1.1.2.3 Zinc Sulfide (ZnS) NSs

ZnS (II-VI group semiconductor) is an important photocatalyst studied at the nanoscale because of its outstanding physical properties and peculiar photocatalytic properties. Cubic (sphalerite) and hexagonal (wurtzite) are two main crystalline forms of ZnS with coordination geometry at Zn and S are of tetrahedral having 3.72 and 3.77 eV bandgaps for cubic and hexagonal ZnS, respectively, (Lee and Wu 2017). This large bandgap of ZnS enables candidacy as an important photocatalyst for various dye degradation and wastewater remediation. For example, Maji et al. have prepared ZnS NCs (rod and sphere) using ethylenediamine and hexadecylamine, which show effective photocatalytic activity against rose bengal dye (RB) under light irradiation. The DE has been achieved ~93% at 225 min (Maji et al. 2011). Zhang et al. have successfully prepared ZnS microcrystals (polyhedron, fan-shaped sheet, hexagonal rectangle, and missing angle rectangle) using a simple hydrothermal method against MB. The degradation efficiency (DE) has been achieved ~91% at 60 min (Zhang 2014). However, metal (Pb, Cu, Ni)-doped ZnS photocatalyst obtained by various methods, and also conjugated ZnS complexes obtained through polyreaction have been shown to have the potential to defluorinate hexafluorobenzene by visible light (Lee and Wu 2017). Thio-glycerol and uncapped ZnS NPs have been produced to use a substantial component of solar energy for dye degradation. Although ultraviolet irradiation is excellent at degrading dyes, naturally occurring solar radiation is also beneficial in dye degradation. As a result, it could be an effective approach for the safe disposal of textile waste into waterways (Sharma et al. 2012), while Lee et al. have been summarized ZnS-assisted photocatalytic degradation of pollutants and water splitting under various conditions (Lee and Wu 2017).

1.1.2.4 Fe3O4 NSs

In recent years, people have been more interested in using iron oxide NPs due to their simplicity and easy accessibility to degrade organic dyes and remove heavy metals from wastewater. Iron oxide NPs have different forms (Fig. 5) and are commonly used as nanoadsorbents such as magnetic magnetite (Fe3O4), magnetic maghemite (\(\gamma \) Fe2O4), and non-magnetic hematite \((\alpha \) Fe2O4). Separating and recovering them from wastewater during photocatalytic degradation is a challenging task. Thus, Fe3O4 and Fe2O4 can be easily be separated and recovered by using an external magnetic field from the wastewater system (Xu et al. 2012). Therefore, iron oxides are widely used in the purification of water.

Fig. 5
figure 5

Different forms of iron-based NPs: oxides, hydroxides, and oxyhydroxides (Aragaw et al. 2021)

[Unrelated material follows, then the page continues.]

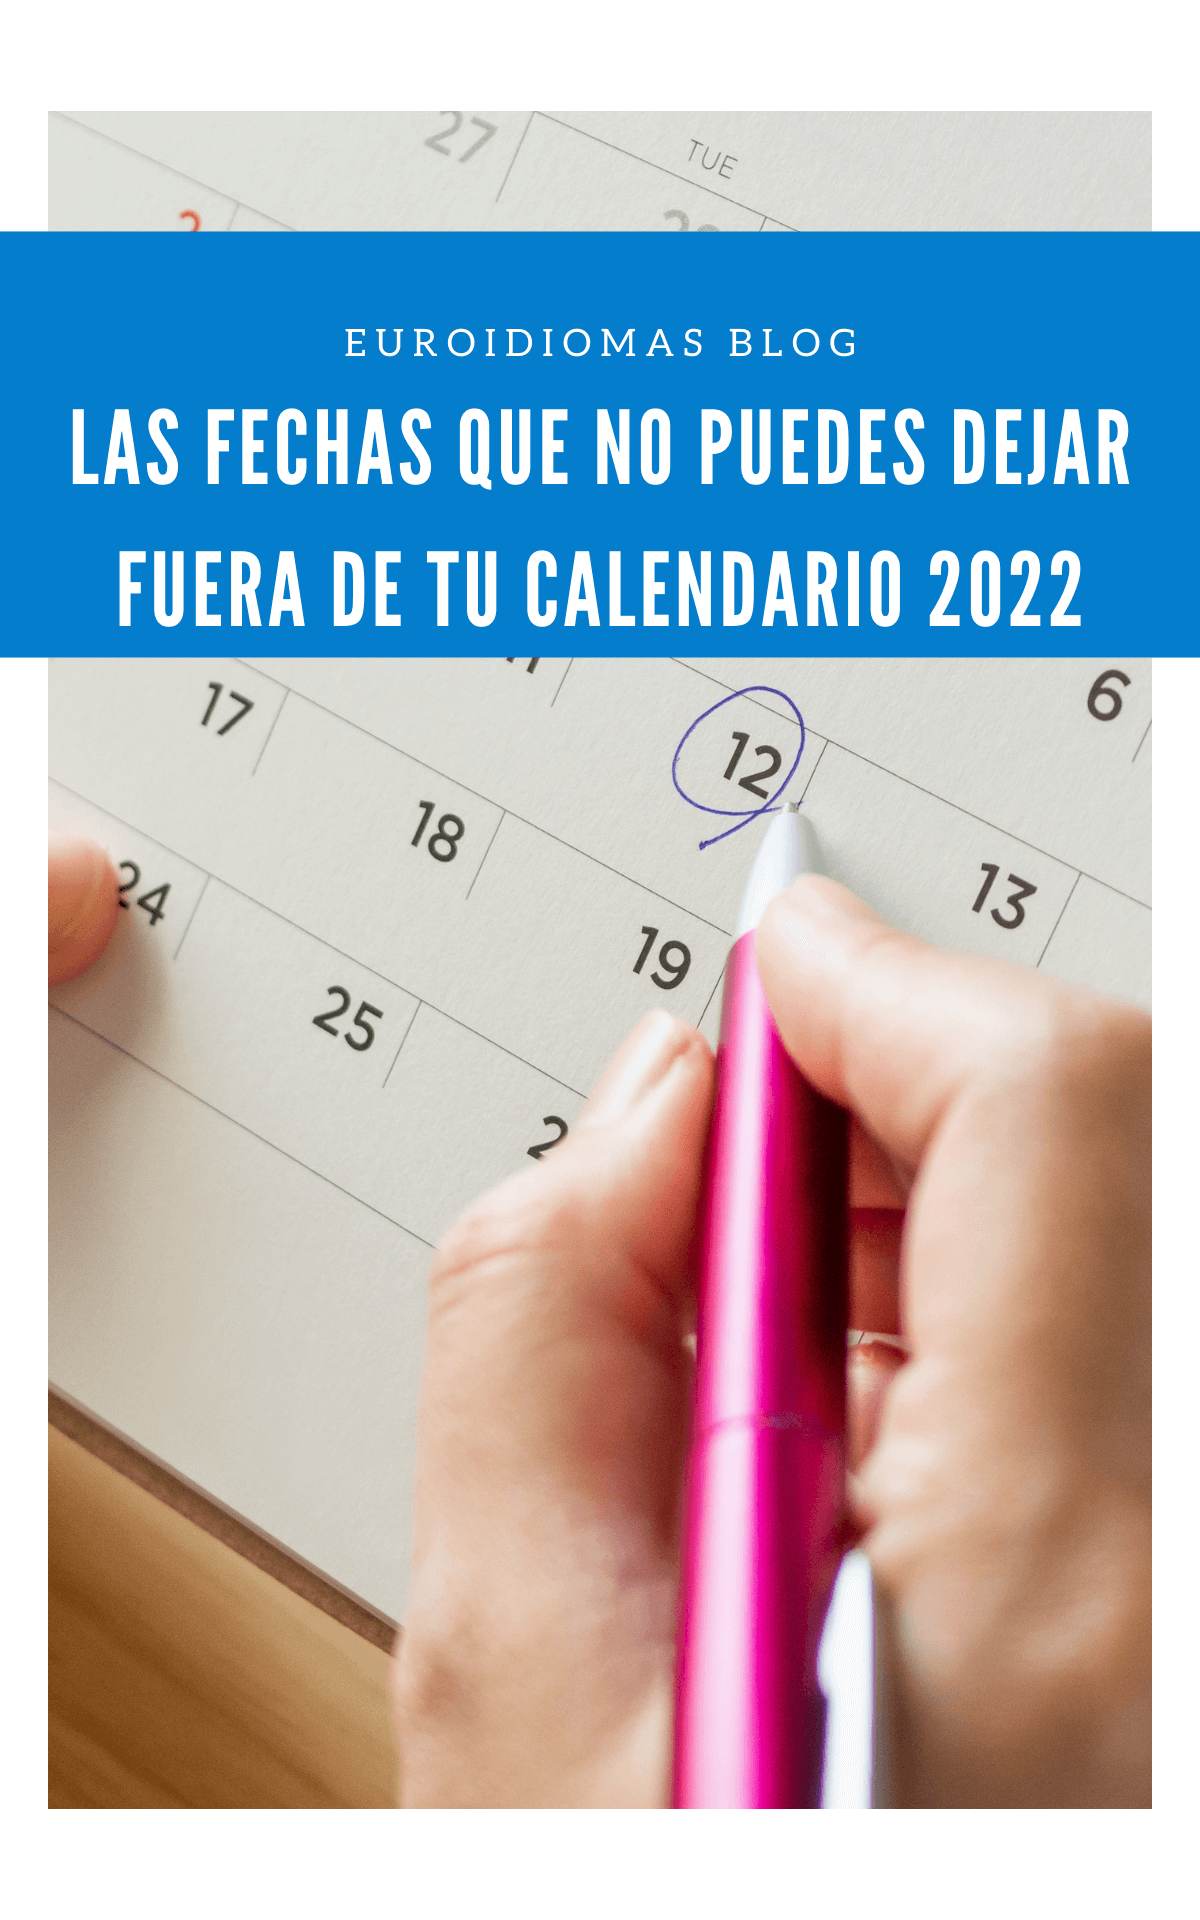 Las fechas que no puedes dejar fuera de tu calendario 2022

For example, Bhuiyan et al. have synthesized α-Fe2O3 NPs from hexahydrate ferric chloride (FeCl3.6H2O) using papaya (Carica papaya) leaf extract and obtained ~76.6% RR dye degradation after 6 h (Bhuiyan et al. 2020). Balu et al. have prepared iron oxide Fe2O3 NPs by Raphanus sativus leave extract to degrade MB and MR. Both the dyes have undergone complete degradation (100%) in 1 h (Balu et al. 2020). However, functionalization of iron oxide NPs with various ligands such as mercaptobutyric acid or polymers boosts absorption efficiency and removes interference from other metal ions (Aragaw et al. 2021). The majority of iron oxide NCs are amorphous NPs with an average size of about 5 nm, which is a suitable size. These distinctive characteristics of amorphous NPs of iron oxide provide a large surface area for (FeOx-GO-80) with an iron oxide content of 80 wt% with a prominent mesoporous structure, resulting in increased adsorption sites and, as a result, increased adsorption capacity for the removal of heavy metal pollutants from wastewater (Su et al. 2017; Rashida et al. 2021). A comparative study has been done for dye degradation using various metal oxides NPs and NSs and tabulated in Table 1.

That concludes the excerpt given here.